Regarding the presence of AWE, the present study confirmed that presence of the CAWE pattern before coiling was associated with recurrence after coiling, as shown in Fig. 3. Previous studies on the relationship between VWI and the histopathology of UIAs showed that AWE was suggestive of atherosclerotic wall thickening with prominent wall inflammation and neovascularization.7,8 This may be a key finding indicative of aneurysm recurrence. Recent studies showed that AWE of UIAs was associated with aneurysm instability, as well as symptomatic growth and rupture.30,31 In the latest study, segmentation of AWE was explored. FAWE was associated with bleb formation, whereas CAWE was suggestive of whole sac expansion.20 FAWE potentially implies partial atherosclerosis with wall inflammation, however focal wall thickening may induce hemodynamic imbalance and damage the adjacent wall structure and thereby lead to bleb formation.32 On the contrary, most CAWE before coiling is suggestive of chronic inflammation throughout the aneurysm wall. Nevzati et al. recently reported that aneurysms with highly degenerated walls that were subjected to coil embolization were more prone to further wall degeneration, increased inflammation, and recanalization than those with normal walls.17 Even after coiling in the aneurysm sac, a prolonged wall inflammatory response may remain active. The potential range of wall degeneration before endovascular treatment may be a crucial factor. The latest study clarified the importance of the endothelial lining along the parental artery for the healing of coiled aneurysms.33 Prolonged inflammation in the aneurysm wall before endothelialization results in wall remodeling with increased wall vulnerability, insufficient thrombus organization, and failed neointima formation. We presumed that UIAs with CAWE may be at risk for regrowth after coiling and prolonged endothelialization. It would be of great interest to investigate if flow-diverting stents could serve as a scaffold for endothelialization and healing of UIAs with CAWE.
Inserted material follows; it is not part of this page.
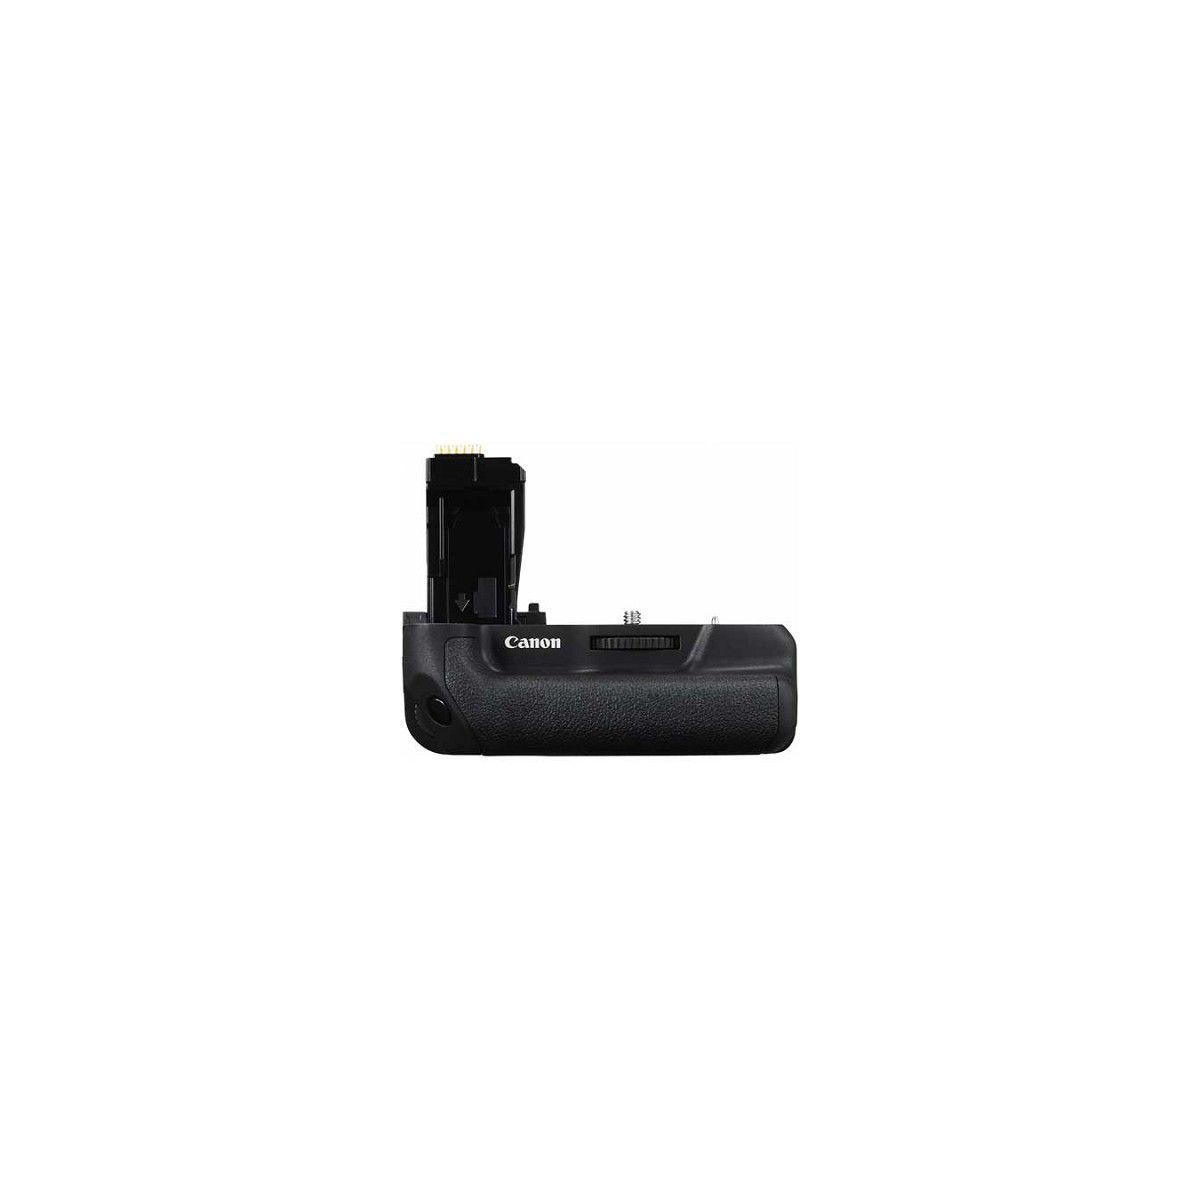 Grip CANON BG-E18 pour EOS 750D/760D

In the present study, the specific features of aneurysm recurrence were regrowth in 6 UIAs and compaction in 12. These 6 UIAs showed regrowth within 1 year of follow-up after coiling. When we examined the AWE patterns of the aneurysms with regrowth, 3 (50%) showed the CAWE pattern. Although this finding was not statistically significant in the present study, further research on regrowth is warranted. Moreover, the 12 UIAs that showed coil compaction may require close monitoring for potential regrowth.

Limitations

The present study included a small patient population treated at a single center. Therefore, we currently cannot reach a concrete conclusion regarding the clinical significance of the VWI findings before coiling and the clinical results. However, VWI may provide further insights into the healing of coiled aneurysms. Furthermore, histopathological verification was not performed in the present study. Although previous studies performed histopathological evaluations of recurrent aneurysms after coiling, it is technically challenging to harvest a portion of a coiled aneurysm when securing hemostasis with microsurgery.29 Moreover, because recurrence was evaluated within a relatively short period of 6 to 54 months, long-term stability after coiling remains unclear. Chronological changes in wall enhancement are also of interest. Based on the hypothesis that aneurysm wall degeneration may be a factor that contributes to aneurysm recurrence after coiling, consecutive VWI after coiling may provide novel insights into the healing process of treated aneurysms.

Conclusions

The CAWE pattern, which suggests a specific feature of aneurysm wall degeneration, may negatively affect the durability of coiled aneurysms. Although the long-term stability of coiled aneurysms and the requirement for retreatment currently remain unclear, VWI before coiling provides novel insights into the stability of coiled aneurysms.

Acknowledgments

We thank the MRI Team at Hiroshima City Asa Citizens Hospital for performing VWI.

Disclosures

The authors report no conflict of interest concerning the materials or methods used in this study or the findings specified in this paper.

Author Contributions

Conception and design: Matsushige, Hara, Hashimoto. Acquisition of data: Hara, Yoshiyama, Hashimoto, Kobayashi. Analysis and interpretation of data: Matsushige, Hara, Hashimoto. Drafting the article: Hara. Critically revising the article: Matsushige. Approved the final version of the manuscript on behalf of all authors: Matsushige. Statistical analysis: Hashimoto. Study supervision: Sakamoto.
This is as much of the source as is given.